ALBANY—For a second time, William S. Demagall has had his second degree murder conviction reversed on appeal.
In a January 9 decision, the State of New York Supreme Court, Appellate Division Third Judicial Department concluded “that various errors once again deprived [Mr. Demagall] of a fair trial and, as a result, we reverse.”
Mr. Demagall was first tried and convicted in December 2006 of the February 11, 2006 stabbing and bludgeoning murder of retired school teacher George Mancini, 56, in his Hillsdale home.
Mr. Demagall, who was 22 at the time of the crime and a resident of Stockbridge, MA, was represented in his first trial by then attorney Richard Mott and the case was heard in Columbia County Court by then Judge Paul Czajka. Though a plea deal was reached between the prosecution and the defense in which Mr. Demagall agreed to plead not responsible by reason of mental disease or defect, Judge Czajka rejected the plea, the case went to trial and a jury found Mr. Demagall guilty. But appellate judges cited “various errors” on the part of Judge Czajka, reversed the guilty verdict and ordered a new trial for Mr. Demagall before a different judge.
Columbia County Judge Jonathan Nichols presided over the second trial which resulted in another guilty verdict rendered by a jury in November 2010.

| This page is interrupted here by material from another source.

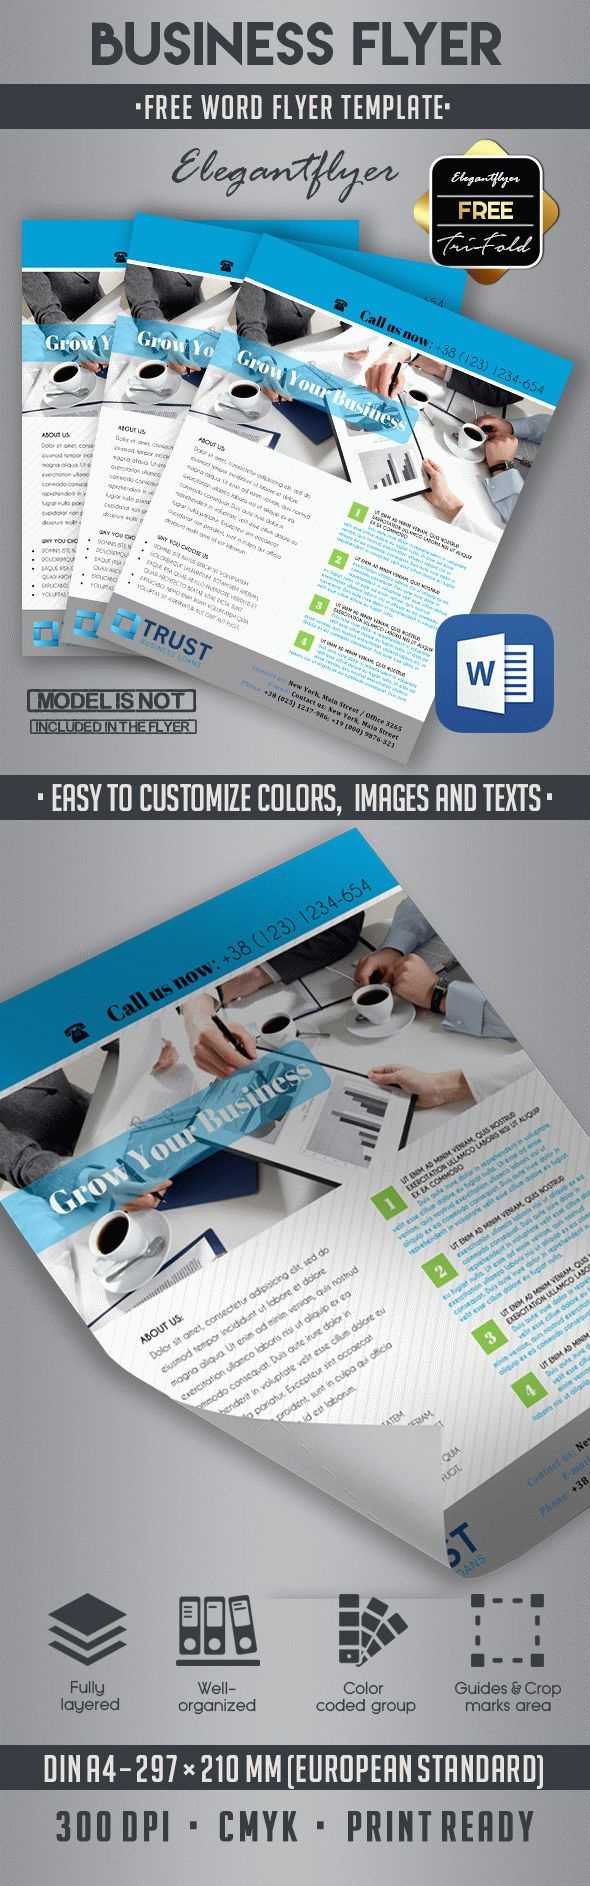 10 Best Business Flyer Templates In Word! |Elegantflyer In Free Business Flyer Templates For Microsoft Word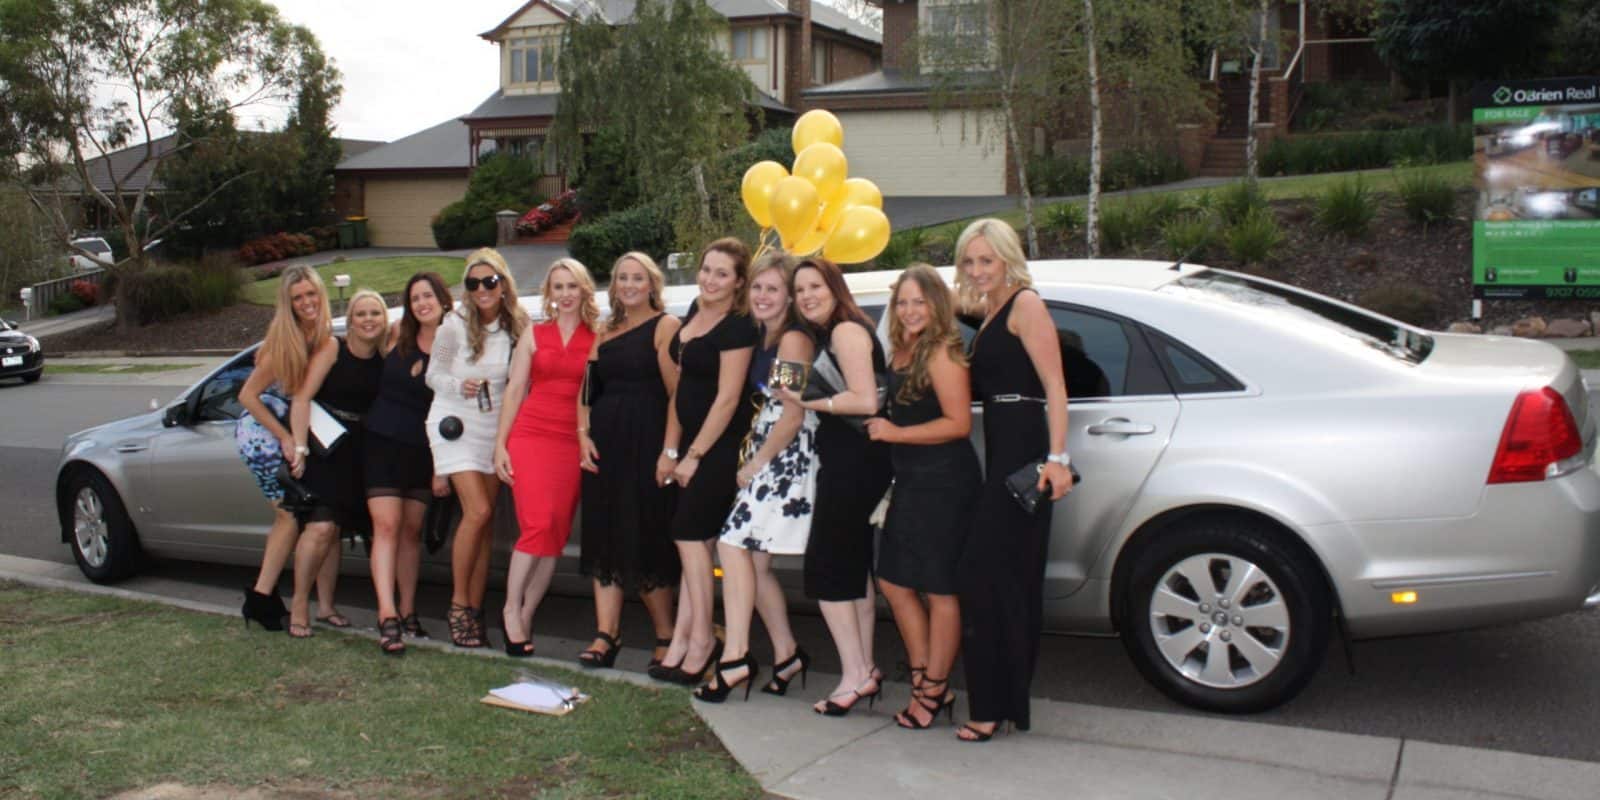 Group of women in front of limo

In reversing a second time, the appellate court noted that the defendant’s history of mental illness and the events surrounding his murder of the victim are undisputed. Mr. Demagall was in and out of psychiatric hospitals. He made alternating claims that he was Merlin, King Arthur, the “Bear King” or Jesus. He got a tattoo on his forehead, which he said was Merlin’s marking, fasted for 40 days, stopped sleeping, planned to live in a cave in the woods and talked frequently about the end of the world, according to the appeals court document, which also detailed Mr. Demagall’s written confession to the crime.
The appellate court wrote that a determination by Judge Nichols to allow prosecutor, Assistant District Attorney David Costanzo, to use hospital records and out-of-court statements made by a doctor who examined Mr. Demagall but was not called to testify “impacted and infected the elicitation of all the evidence bearing upon defendant’s affirmative defense of insanity.”
The hospital records and statements by the doctor, who did not testify at the trial “gave the People an unfair advantage which could very well have led the jury to accept their expert’s position,” the appellate court wrote.
The appellate court ordered a new trial in Columbia County Court, but did not call for that trial to be heard by a different judge, meaning the case will again come before Judge Nichols.
Reached by telephone this week, attorney Paul J. Connolly of Delmar, who handled the appeal for Mr. Demagall, said he did not know if he would be representing Mr. Demagall in the next trial or when that trial might be.
Mr. Demagall’s former attorney, Mr. Mott, is now a state Supreme Court judge.
Mr. Demagall is now 30 and has been serving a 25-year-to-life sentence in state prison.
Michael Cozzolino, a former Assistant District Attorney with DA Beth Cozzolino’s Office, now in private practice, prosecuted the first trial, was appointed by Judge Nichols to handle the second appeal. Mr. Cozzolino said by phone this week that no conferences have so far been scheduled about the new trial by Judge Nichols.
Mr. Cozzolino said as far as he knows he is still the special prosecutor until he is told he is not.
The Columbia County District Attorney’s Office, now run by Mr. Czajka, is disqualified from prosecuting the case.